Wouldn't that be more easily accomplished by having a floodgate in the floor?
i.e. a hatch?
Personally, I don't see why it shouldn't work, except that I've had difficulties with hatches in the past[1] which means I avoid them[2].
Alternatively, a retracting bridge should work much the same. (Minus time for workshop construction of hatch, plus time for architectural design of said bridge. Either way, a little extra effort, but then again the bridge cannot be designed ahead of time, whereas a hatch can be manufactured just about as soon as one has the inkling it'd be needed.)
But, either way, you still need the "on entity striking hatch, operate something" switchy-thing. Unless you go the 'dumb' route and just hook the respective mechanicals it into a longish-period repeater, of course.

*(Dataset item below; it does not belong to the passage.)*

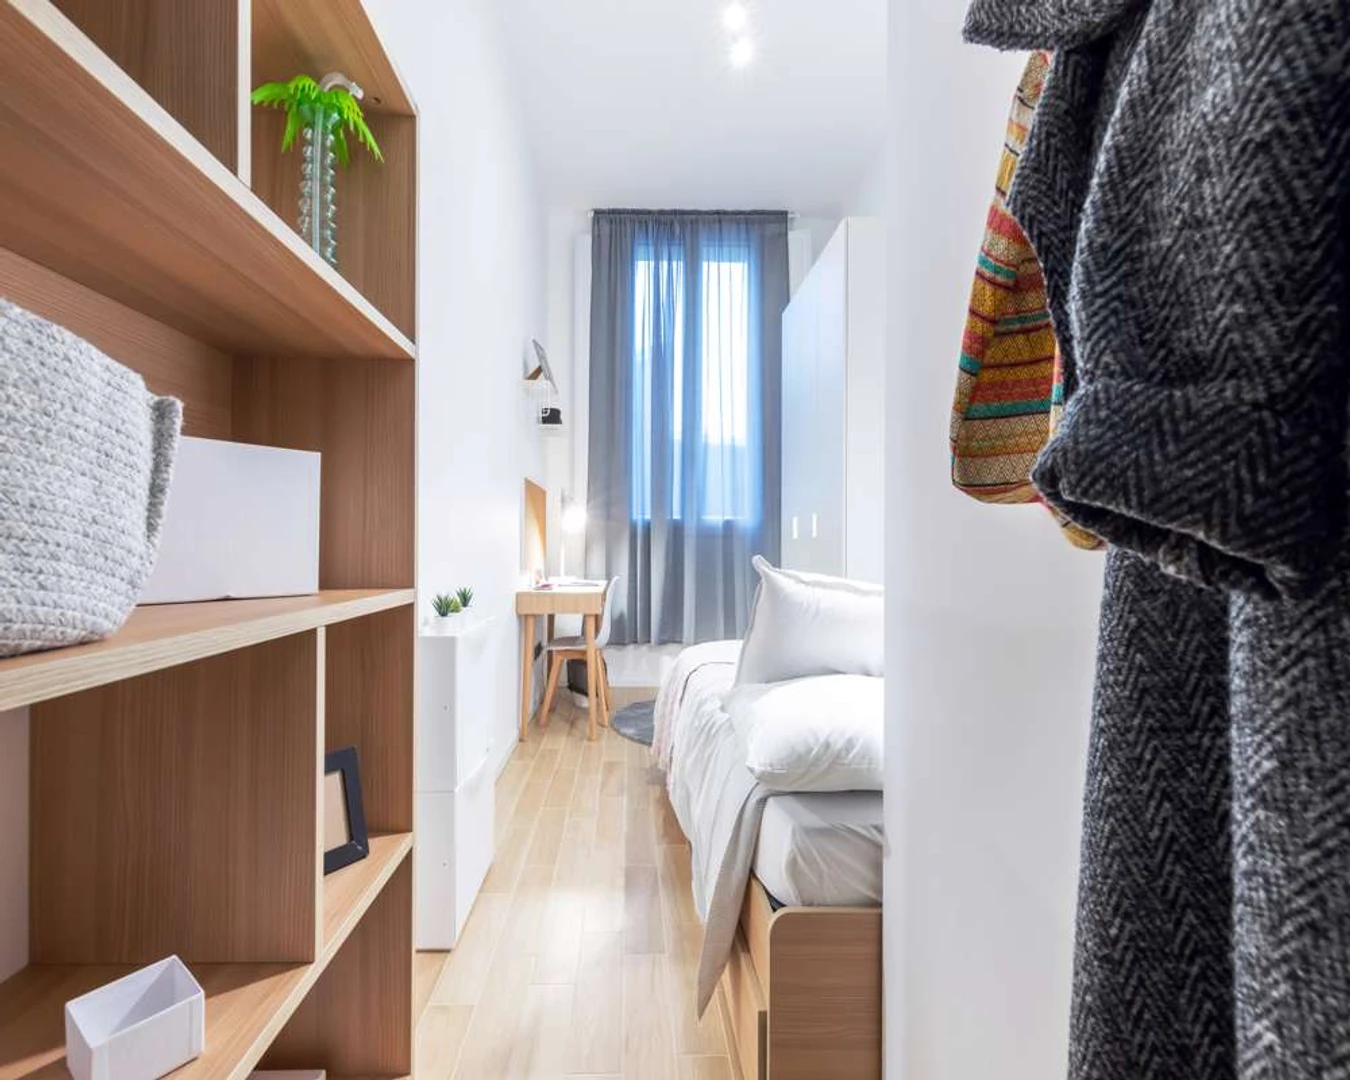 Alquiler de habitaciones por meses en Turín

[1] They just don't seem to open when you want them to, and though I'm not totally sure I didn't forget to wire them up to the lever, I was left with the impression that they don't like opening when you have a high pressure of water upon them (say 10-20Zs worth of accumulated water). But I'm fairly sure that they've not been designed that way, by Toady, so I'm still left with the possibility that, of all openable water-barriers that I use (floodgates, doors, raising bridges), I
always forget to connect up my floor hatches to the appropriate levers before filling the huge cisterns they are at the bottom of. (Yes, I could try to select a new connection, unfulfillable as it would be ("fillable" being the very problem), to see if it's allowed from that lever to that hatch and therefore not already been done. For some reason, I've never bothered to check that at the time, always thought about it far later.) It could just be that levers lock/unlock the hatch, perhaps?
[2] I currently just tend to use hatches in spots (rare, but occasionally necessary) where I've got vertically-from-below stairwell access into a channel occasionally flooded with water. When I let my dwarves wander up into it, they'll let a splash of water through (typically the 1-2/7ths that remain after an actual flood) but, as long as the traffic isn't excessive, no real danger of flooding the entryway, because it doesn't keep dripping in when no-one is actively opening and closing the hatchway at the top of the stairway.